Die Sekretärin schüttelte den Kopf. »Keine besonderen Vorkommnisse in der vergangenen Nacht, soweit ich das feststellen konnte«, antwortete sie. »Das Rapportbuch liegt auf Ihrem Schreibtisch, Herr Doktor.«
»Danke. Ist Bettina schon hier?«
»Ja, sie ist im Untersuchungszimmer.«
»Wartezimmerpatienten?« fragte Dr. Lindau.
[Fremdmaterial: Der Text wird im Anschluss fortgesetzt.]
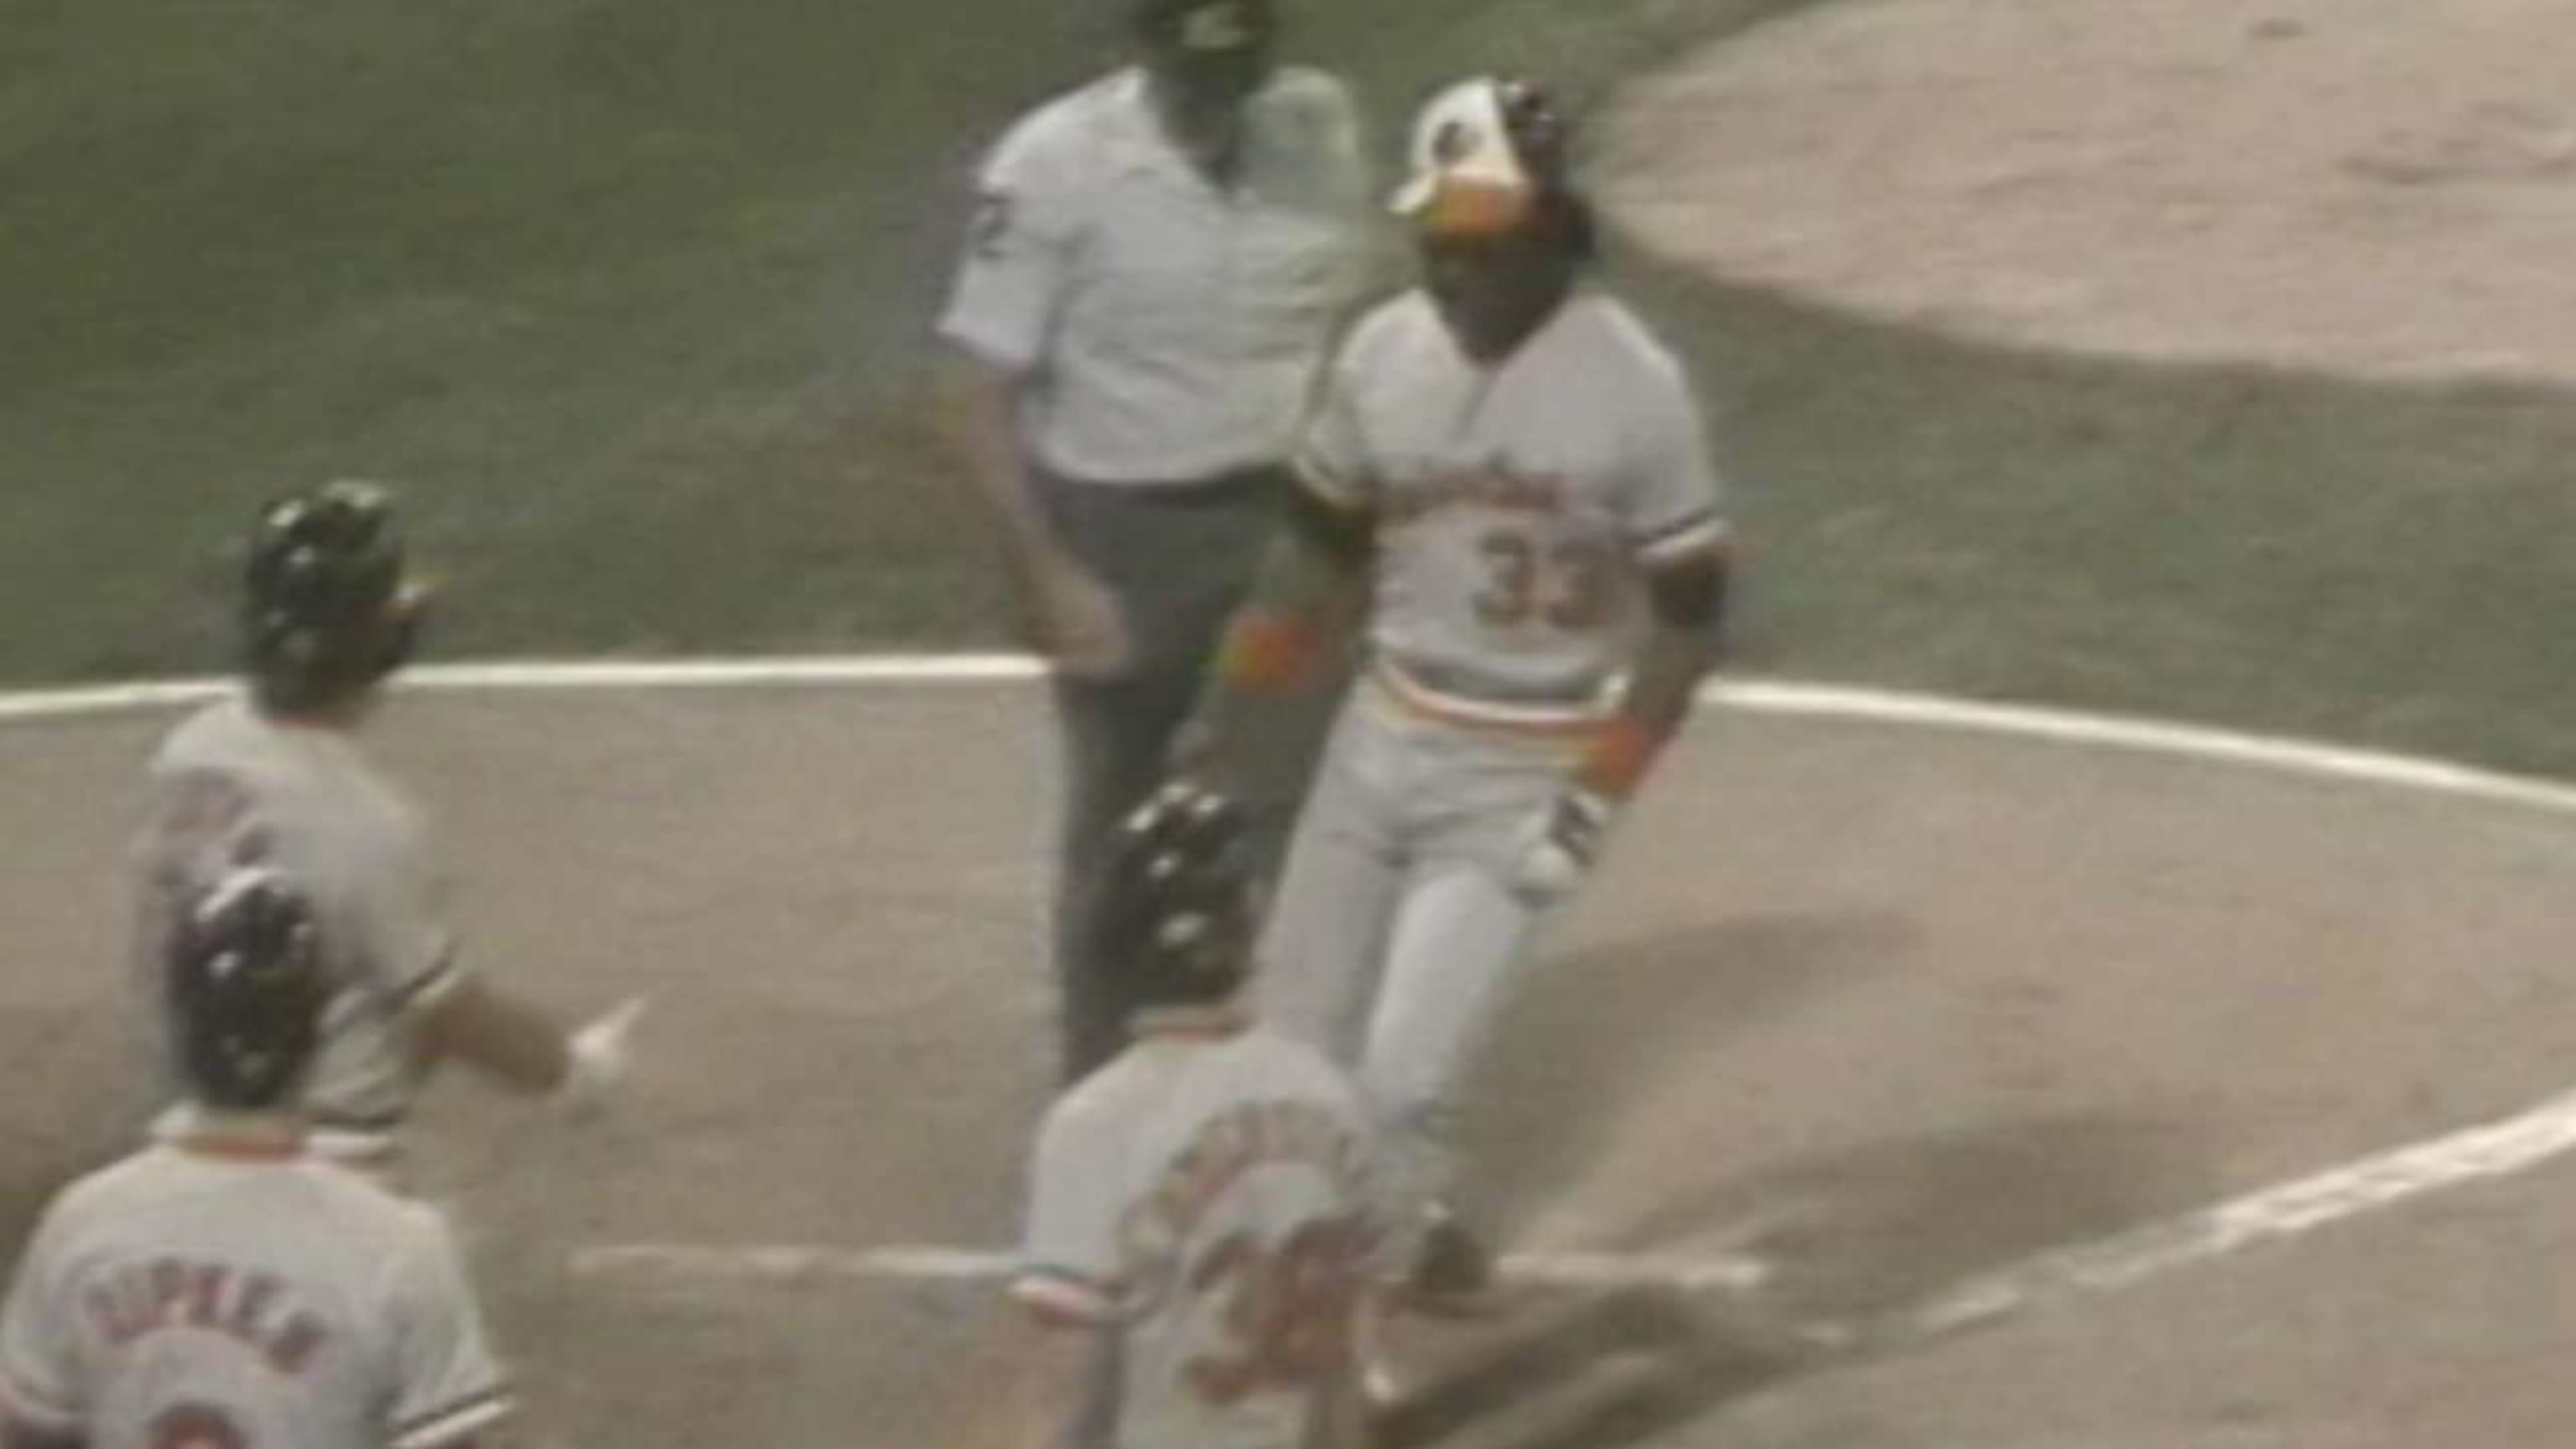 CLASSIC EDDIE MURRAY ORIOLES HALL OF FAME GREAT AT BAT IN THIS
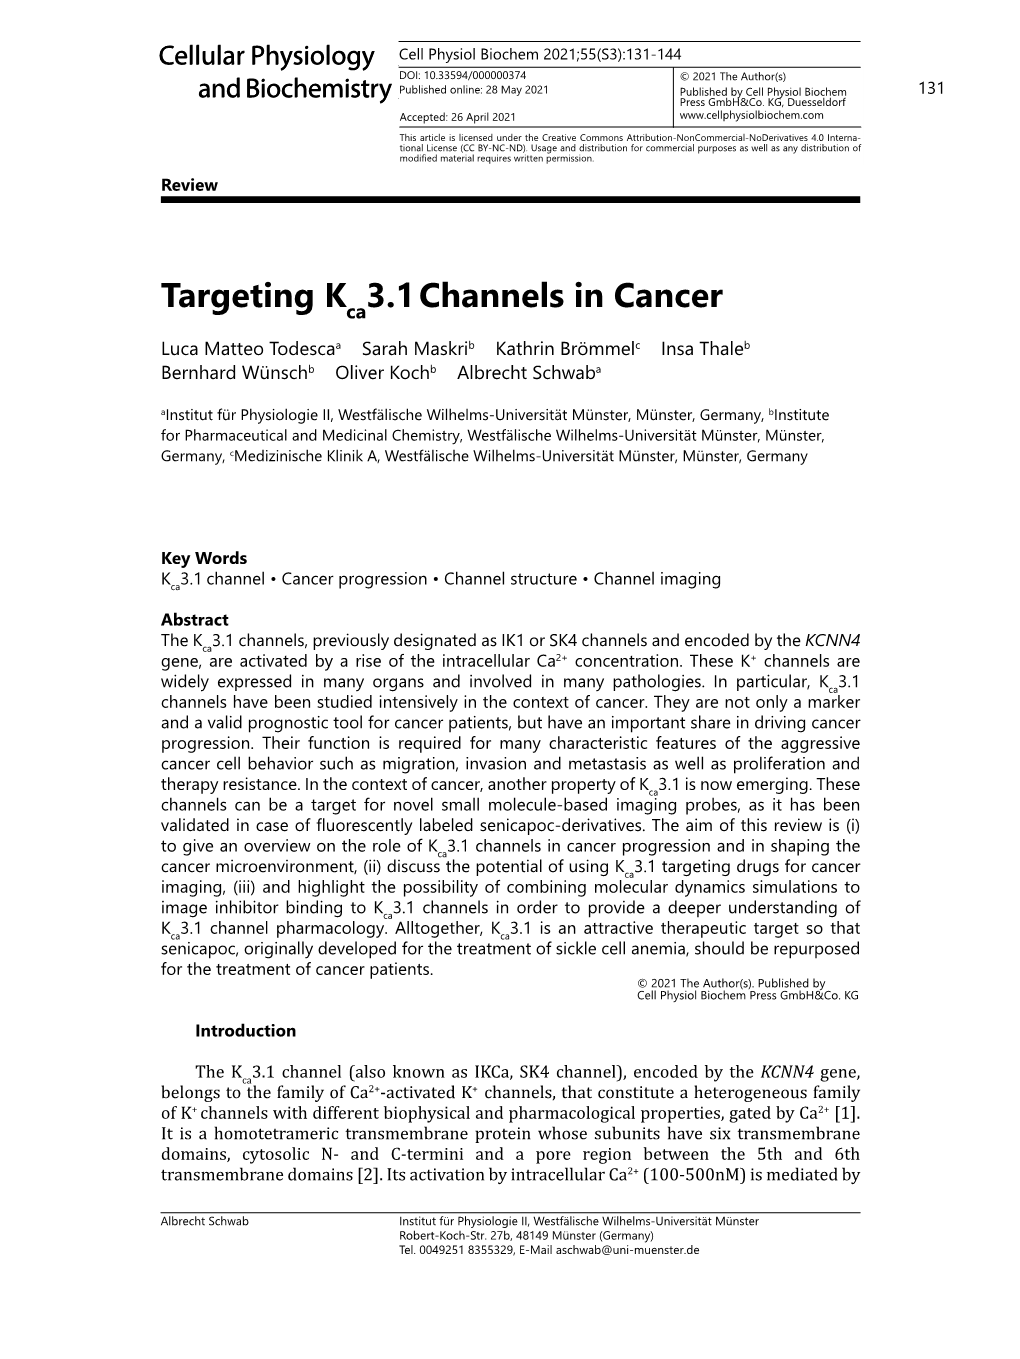 Targeting K 3.1Channels in Cancer

»Vier bis jetzt«, erwiderte Marga Stäuber. »Die Krankenakten liegen auf Ihrem Tisch. Es sind zwei Patientinnen aus Auefelden und zwei aus der weiteren Umgebung.«
»Tja, dann wollen wir mal«, meinte der Chefarzt der Klinik am See und betrat sein Zimmer. Als er sich an seinen Schreibtisch setzte, kam Bettina Sieber aus dem angrenzenden Untersuchungsraum.
»Guten Morgen, Herr Doktor«, grüßte sie, legte ein paar Papierblätter vor den Chefarzt hin und sagte: »Das sind die Untersuchungsergebnisse der Gewebeproben von Frau Hauser.«
Dr. Lindau gab den Gruß zurück. »Danke, auf die habe ich schon gewartet«, fügte er hinzu. »Ich sehe sie mir dann gleich an. Zuerst nehme ich mir den Rapport vor.« Er griff nach dem Rapportbuch und blätterte es durch, während seine Assistentin sich ins Untersuchungszimmer zurückzog, um dort einiges für eventuelle Untersuchungen dieser oder jener im Wartezimmer sitzenden Patientinnen vorzubereiten.
Dr. Lindau brauchte nicht lange, um das Rapportbuch durchzublättern und dann abzuzeichnen. Minutenlang beschäftigte er sich dann mit dem Ergebnis der Gewebeproben und machte sich einige Notizen. »Das muß ich nachher mit der Westphal besprechen«, murmelte er und griff nach der ersten Krankenkarte.
»Bettina«, rief er seiner Assistentin zu, »wir beginnen mit der Sprechstunde. Lassen sie Frau Schien herein!«
Damit begann Dr. Lindaus Alltag. Mit freundlicher Miene hörte er sich die Probleme seiner weiblichen Patienten an. Gezielt stellte er seine Fragen, um sich ein Bild über die vorgetragenen Leiden machen zu können. Nicht immer war eine gynäkologische Untersuchung erforderlich, denn die geschilderten Symptome reichten oft schon zu einer Diagnose aus. Es war für Dr. Lindau dann auch nicht schwierig, die notwendige Behandlung zu bestimmen, die nicht unbedingt einen Klinikaufenthalt voraussetzte. In vielen Fällen konnten die Patientinnen mit einem von ihm ausgeschriebenen Rezept gleich wieder nach Hause gehen.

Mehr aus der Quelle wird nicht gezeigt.